- Exercise objective -
Restate every line of the material below word for word, skipping the images.

- Information supplied -

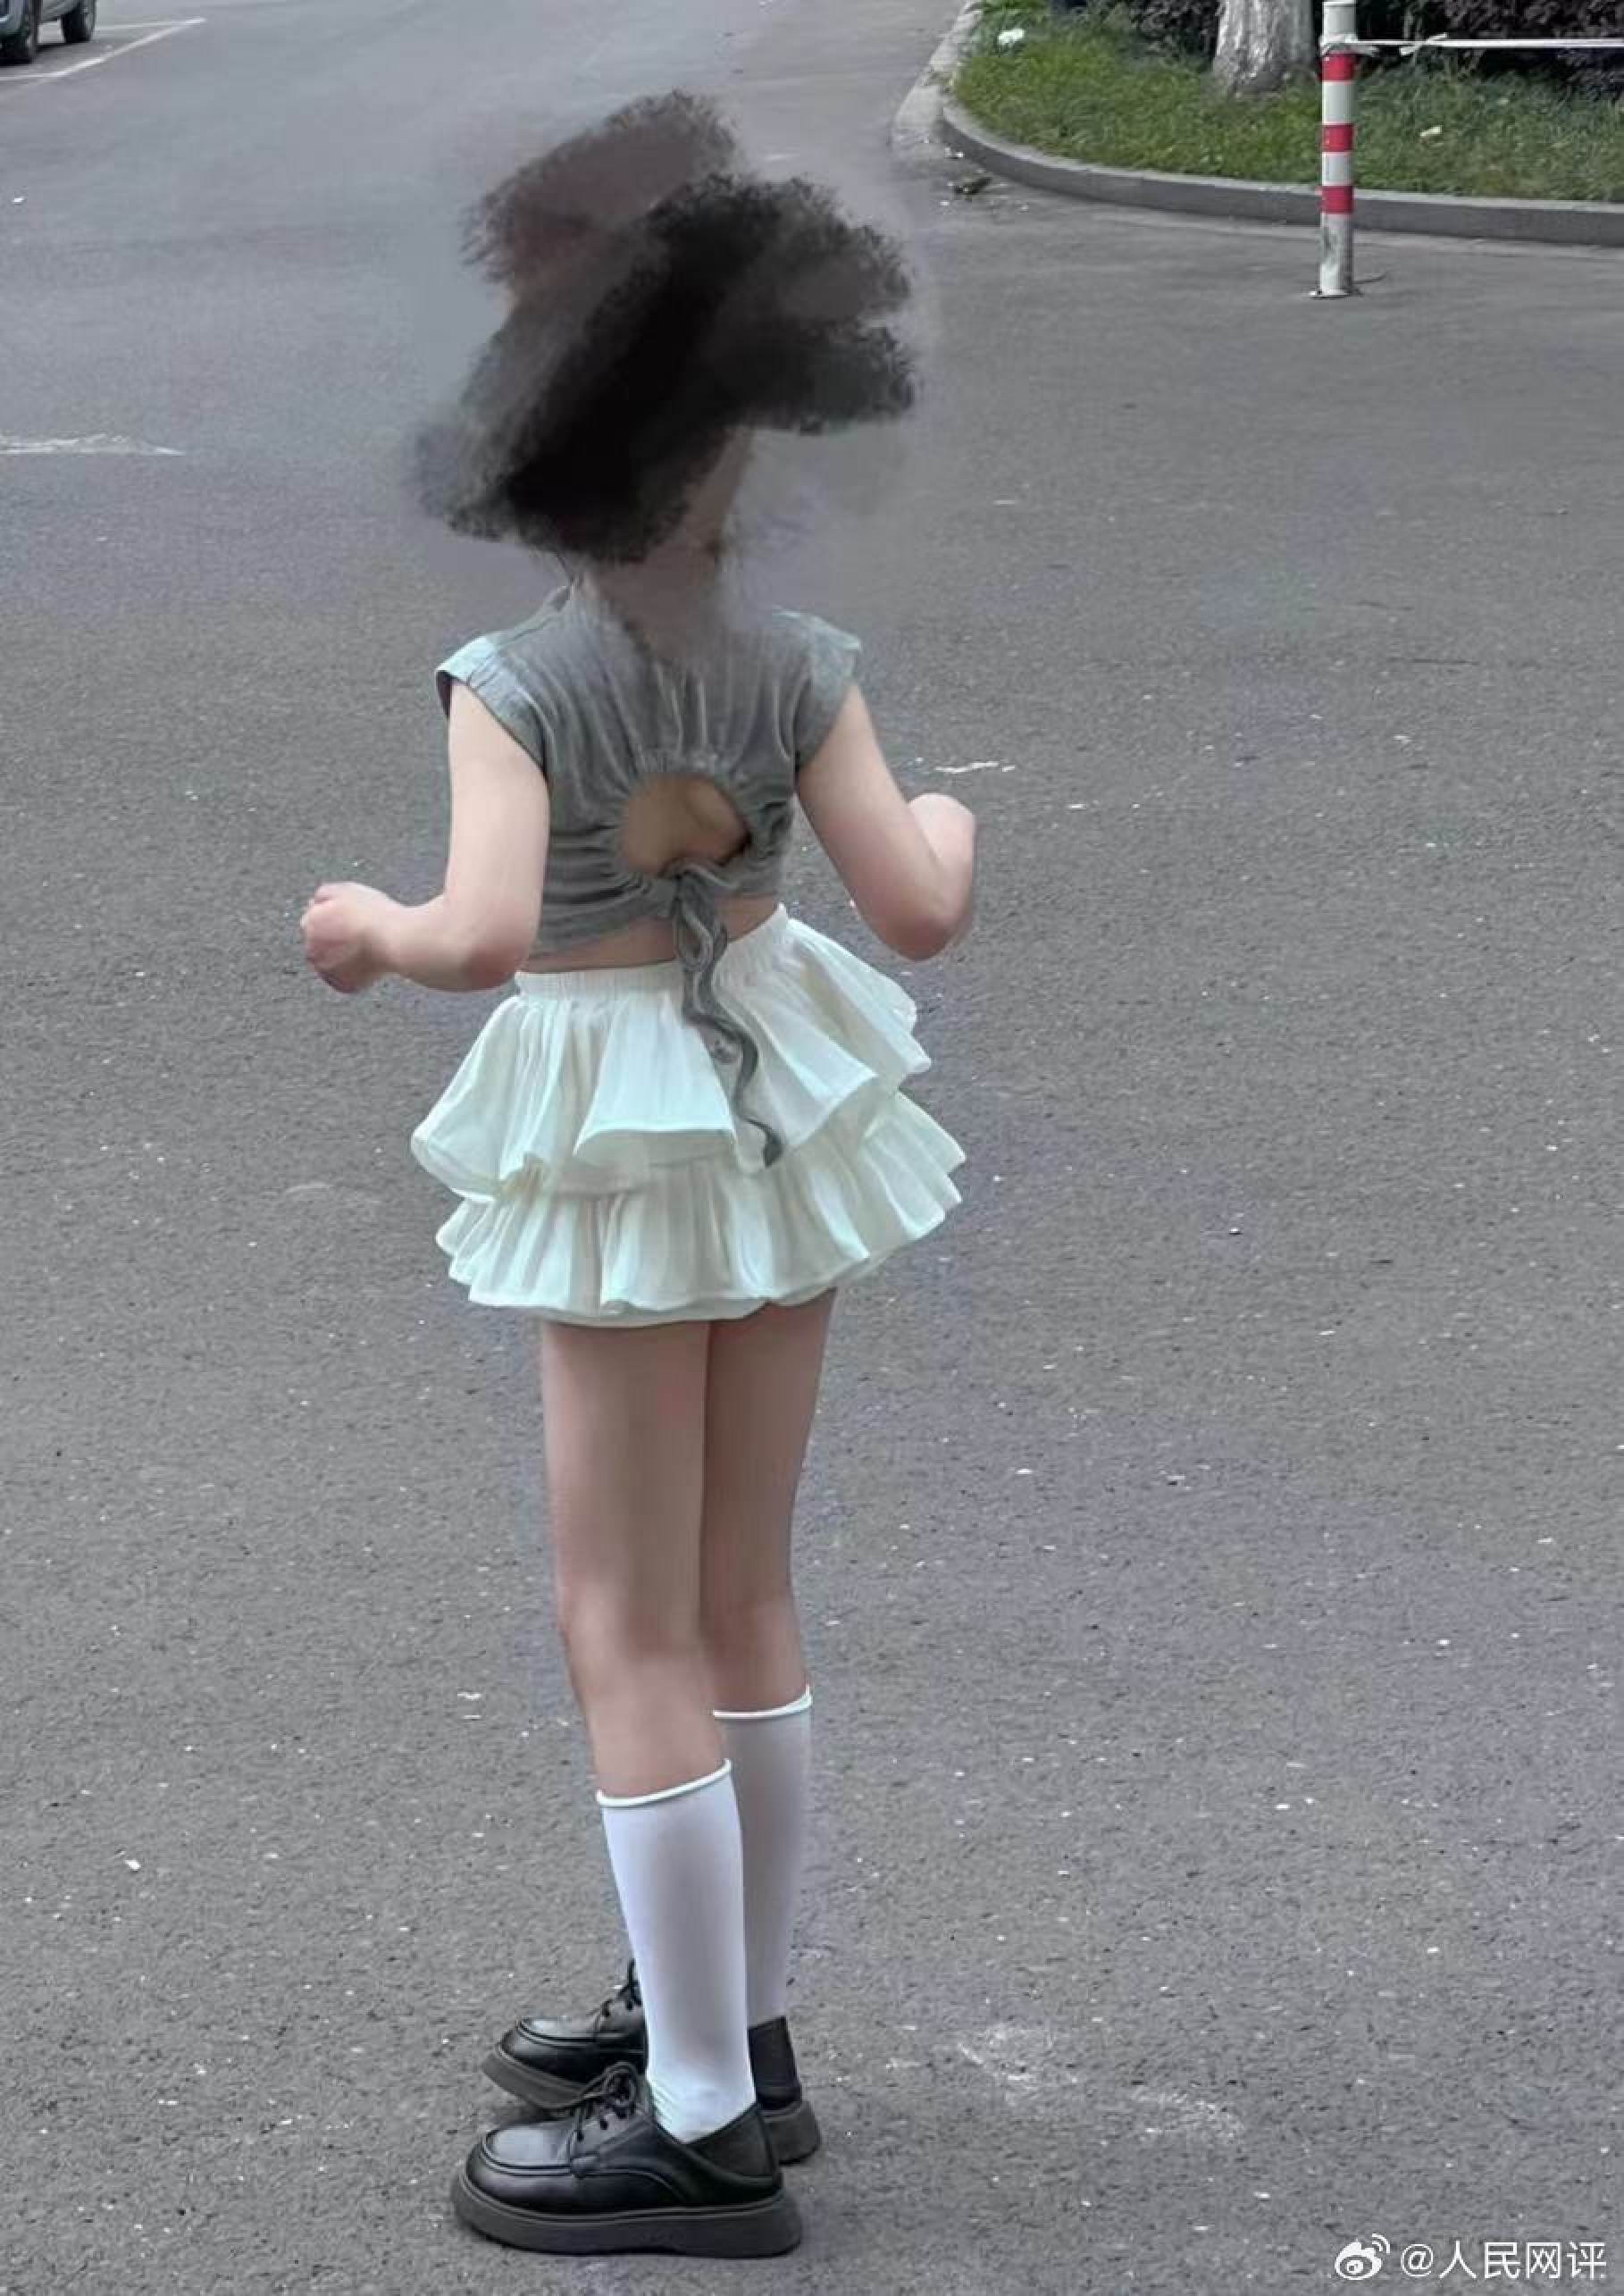 Baby spicy style' fashion that parades little girls in tight skirts and  low-cut dresses slammed by Chinese state media, derided as 'pornography' |  South China Morning Post
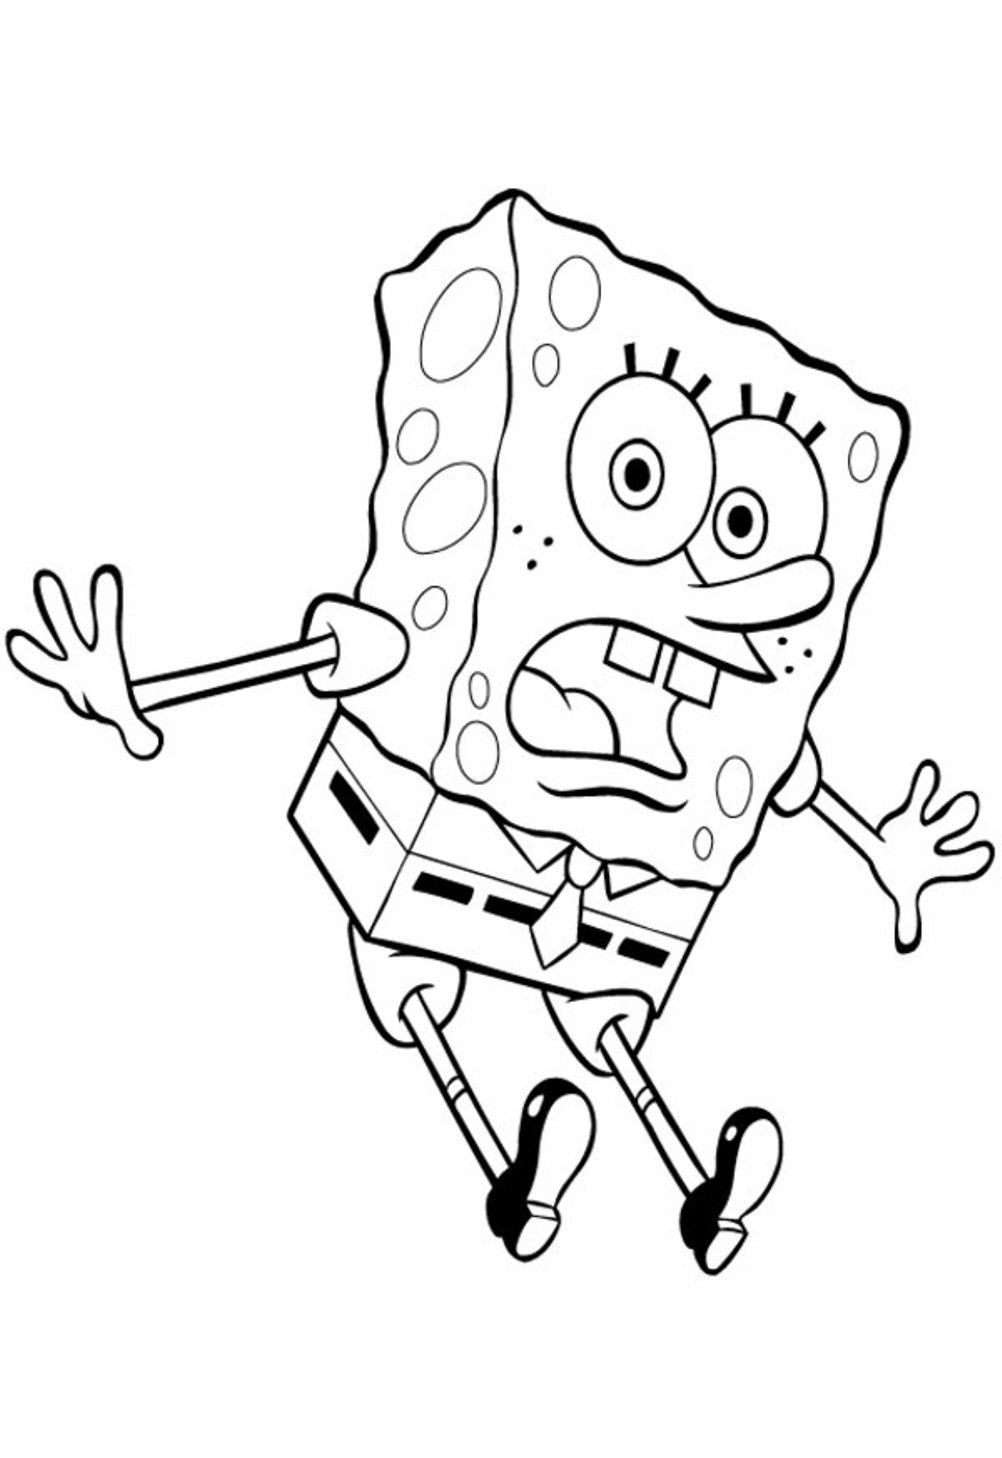 Coloring Pages Spongebob For Kids Coloring Page
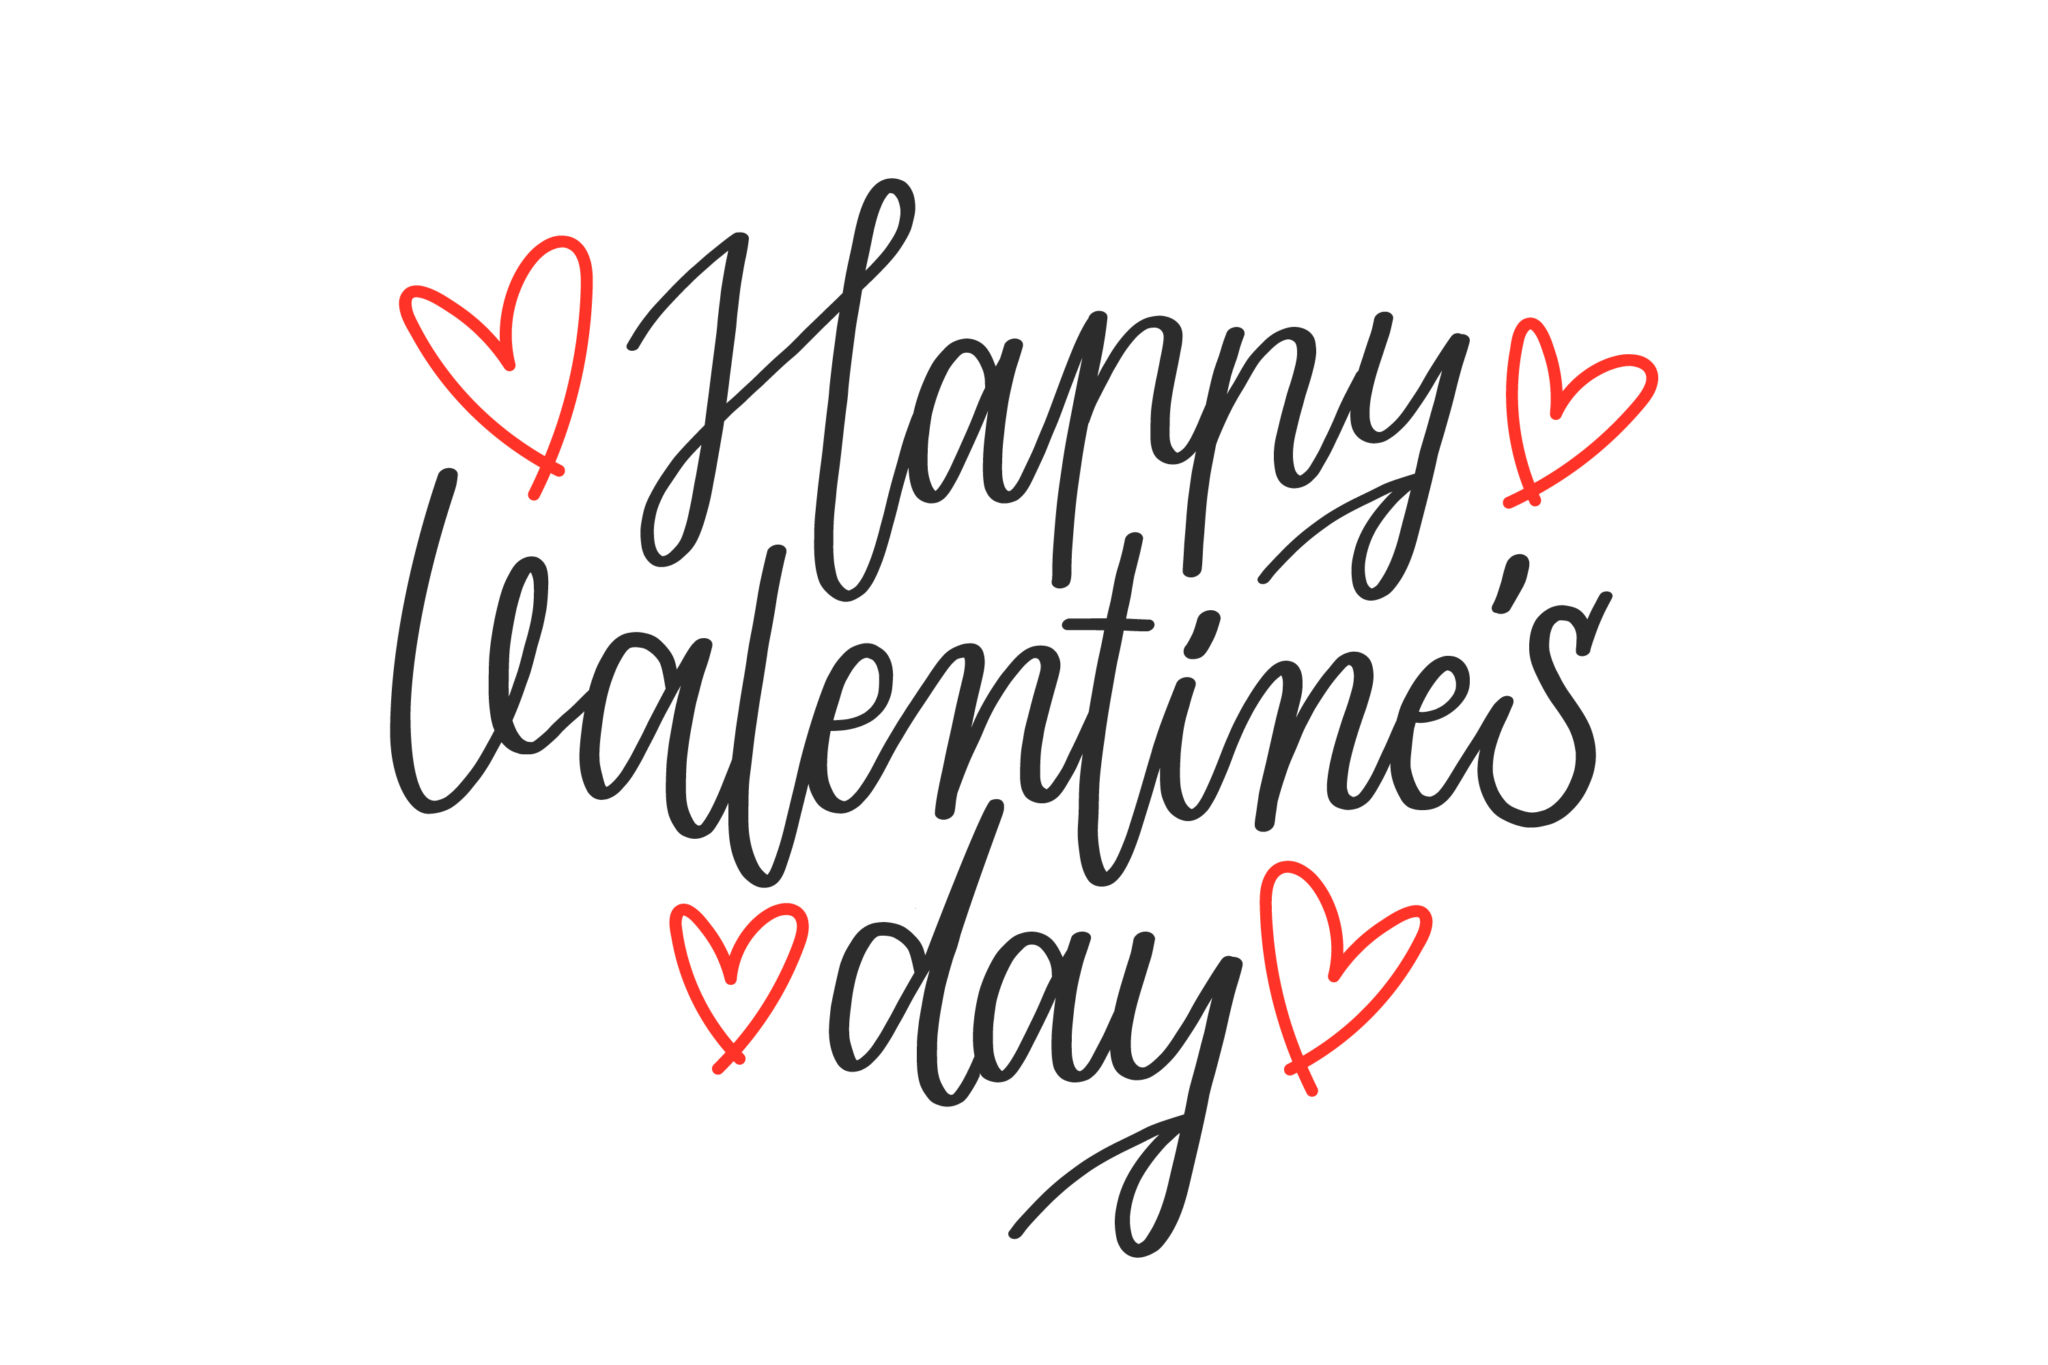 Image by <a href="https://www.freepik.com/free-vector/happy-valentine-s-day-lettering_6587730.htm#page=2&query=Happy%20Valentine's%20Day&position=23&from_view=search&track=ais&uuid=bb960196-9ed6-4965-b1e7-4bbb88cb610f">Freepik</a>

- Answer space -
 Baby spicy style' fashion that parades little girls in tight skirts and  low-cut dresses slammed by Chinese state media, derided as 'pornography' |  South China Morning Post
 Coloring Pages Spongebob For Kids Coloring Page
 Image by <a href="https://www.freepik.com/free-vector/happy-valentine-s-day-lettering_6587730.htm#page=2&query=Happy%20Valentine's%20Day&position=23&from_view=search&track=ais&uuid=bb960196-9ed6-4965-b1e7-4bbb88cb610f">Freepik</a>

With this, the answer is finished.